The AHS faculty talk about books.

"Savannah" by John Jakes

Reviewed by: Eric Tomas

“That dirty old wreck? I don’t care who he is. I wouldn’t care if it was Sherman himself.”
“Well, you should, because it is.”

John Jakes has been one of my favorite novelists, ever since I opened the first few pages of North and South, his epic tale of two families on opposite ends of the American Civil War. Happily for me, most of his work is easily found in book sales, so I was able to complete my Jakes collection for a pretty low price.

My latest John Jakes read is Savannah, or A Gift for Mr. Lincoln. Set in the closing months of the Civil War, the story covers the taking of the city of Savannah by General William Tecumseh Sherman, who then offers the city to President Abraham Lincoln as a Christmas gift.

The story focuses mainly on Hattie Lester, a young Southern girl who inadvertently makes the acquaintance of General Sherman. Hattie, along with her mother Sara, is forced off her plantation due to the approach of Sherman and his army, and moves in with Sara’s friend Miss Vastly Rohrschamp. At Rohrschamp’s house, a group of Union soldiers attempts to loot the house, but they were stopped when an officer intervenes. This does nothing to assuage Hattie anger, however, so when she runs into a group of Union officers, Hattie, incensed at the depredations of the Union army, kicks a Union officer in the shin. The officer turns out to be Sherman himself, who is more amused than enraged at Hattie’s actions. It begins a complex friendship between the two.

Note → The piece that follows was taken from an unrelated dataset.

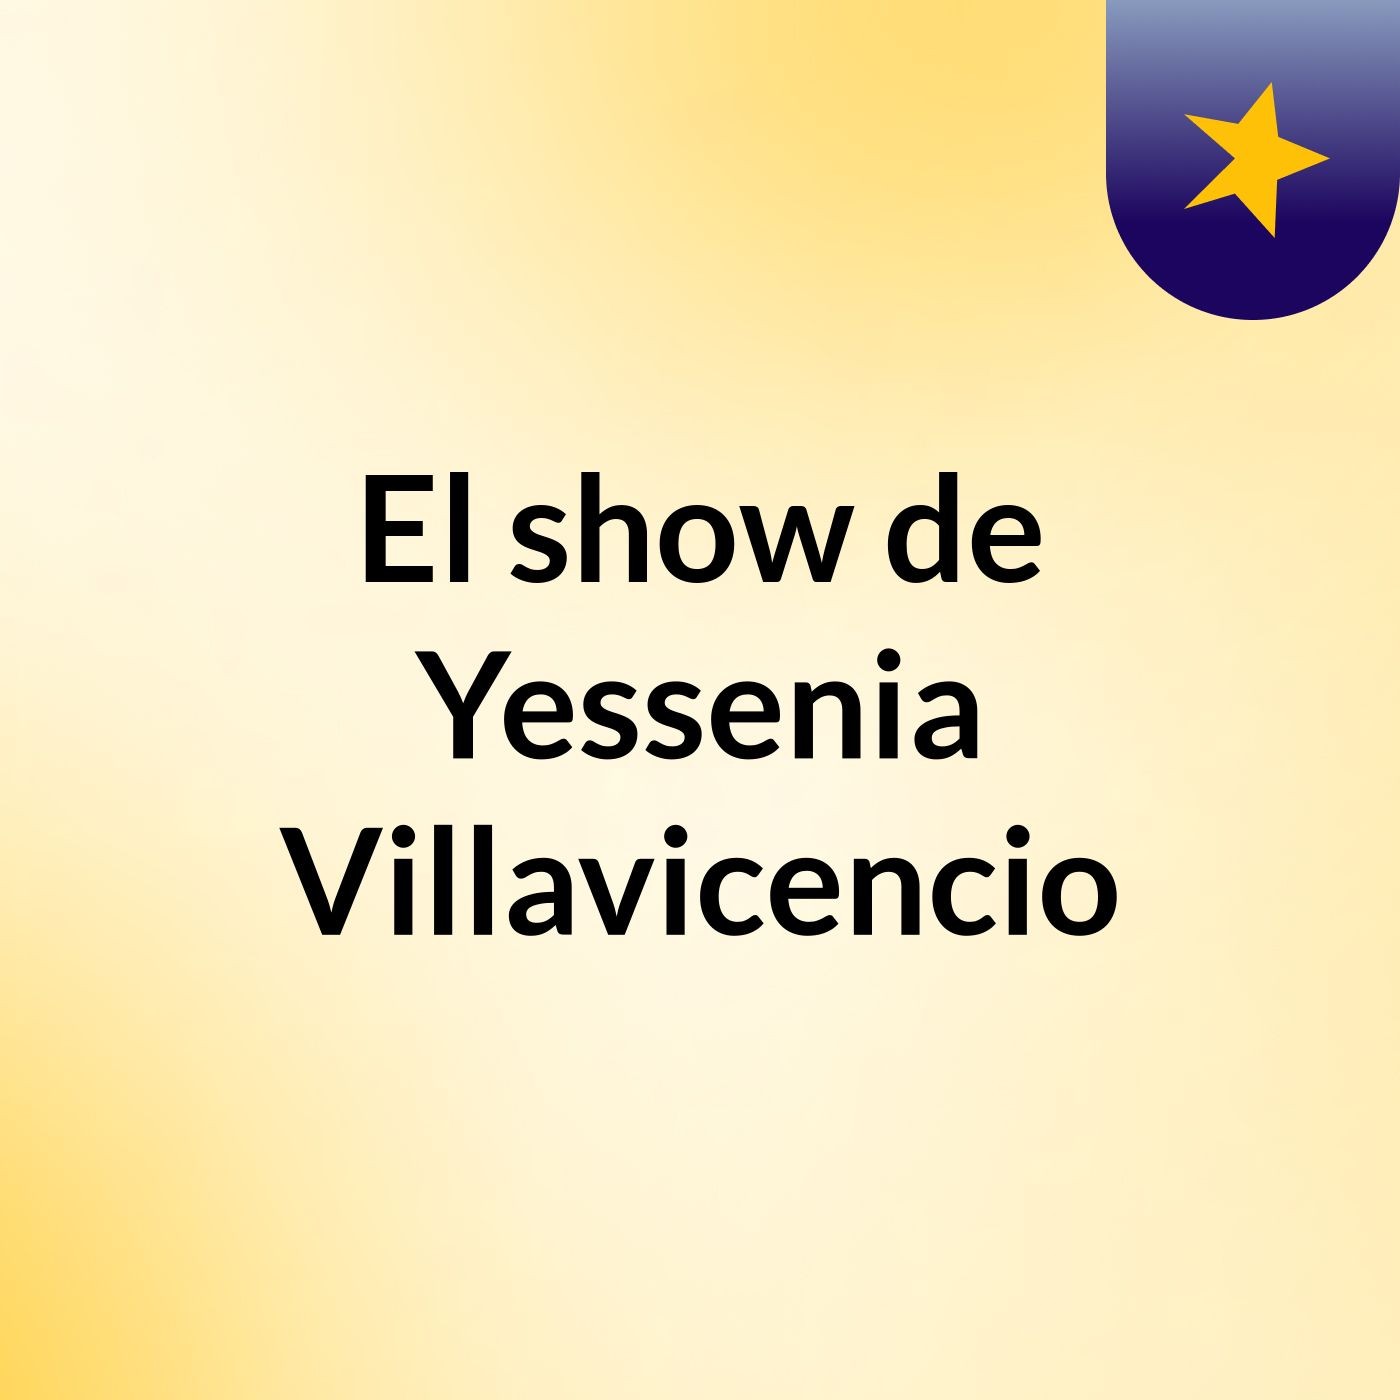 El show de Yessenia Villavicencio

Aside from the main story, as in many of Jakes’ novels, there are subplots to keep the reader adequately occupied. One underlying subplot is the awkward relationship between Alpheus Winks, an Indiana cavalryman and Zip, a young Negro slave whom Winks saves from drowning. As a result of the rescue, Zip considers himself beholden to Winks, much to Winks’ irritation. But, as the novel progresses, Winks finds himself reevaluating his view of the black man in general as he gets to know Zip better.

Another strength of Jakes’ books is his ability to create believable, fleshed-out characters, as well as well-described settings. He is rich in describing details about each character he introduces, even those who are destined to be seen only in a few pages, and it is easy to visualize Savannah and the Lester plantation.

What I also like about the novel, as well as Jakes’ books in general, is that it gives a fairly comprehensive look at American history, with vignettes not normally found in history lessons. While I was aware of the basic conflicts in the Civil War before I read his books, I was not aware of the complex issues that existed during that time.

For one thing, it’s clear that while the freeing of the slaves was one of the main reasons the war was fought, many Union soldiers fought mainly to preserve the Union, and more than a few were as bigoted as their Confederate enemies. Jakes emphasizes this through the characters’ words and actions.

Jakes’ afterword makes for interesting reading as well, as he explains the background for his story. He notes what events and characters are fictional, and what events actually happened. For the historical characters such as Sherman, he bases the character’s words and actions on his research; he notes, for example, that scholars generally believe that Sherman didn’t think that African-Americans would serve well as front-line Army troops. The afterword gives the reader an insight into how Jakes developed his story.

Unlike many of his books, Savannah isn’t as graphic with the violence and sex, which, while never gratuitously depicted, aren’t really appropriate for a younger audience. In the afterword, it is mentioned that Jakes meant the book to focus on Christmas, so I’m guessing that the toning down of the violence and sex is in line with this intent. However, the lack doesn’t take away anything from the book. Savannah is an entertaining, and even educational read, and I heartily recommend this book to anyone wanting to learn more about a tumultuous period of American history.


Sassy Brit said...

This sounds an interesting read. I haven't read many books on American History, and John Jakes appears to be a good author to start with.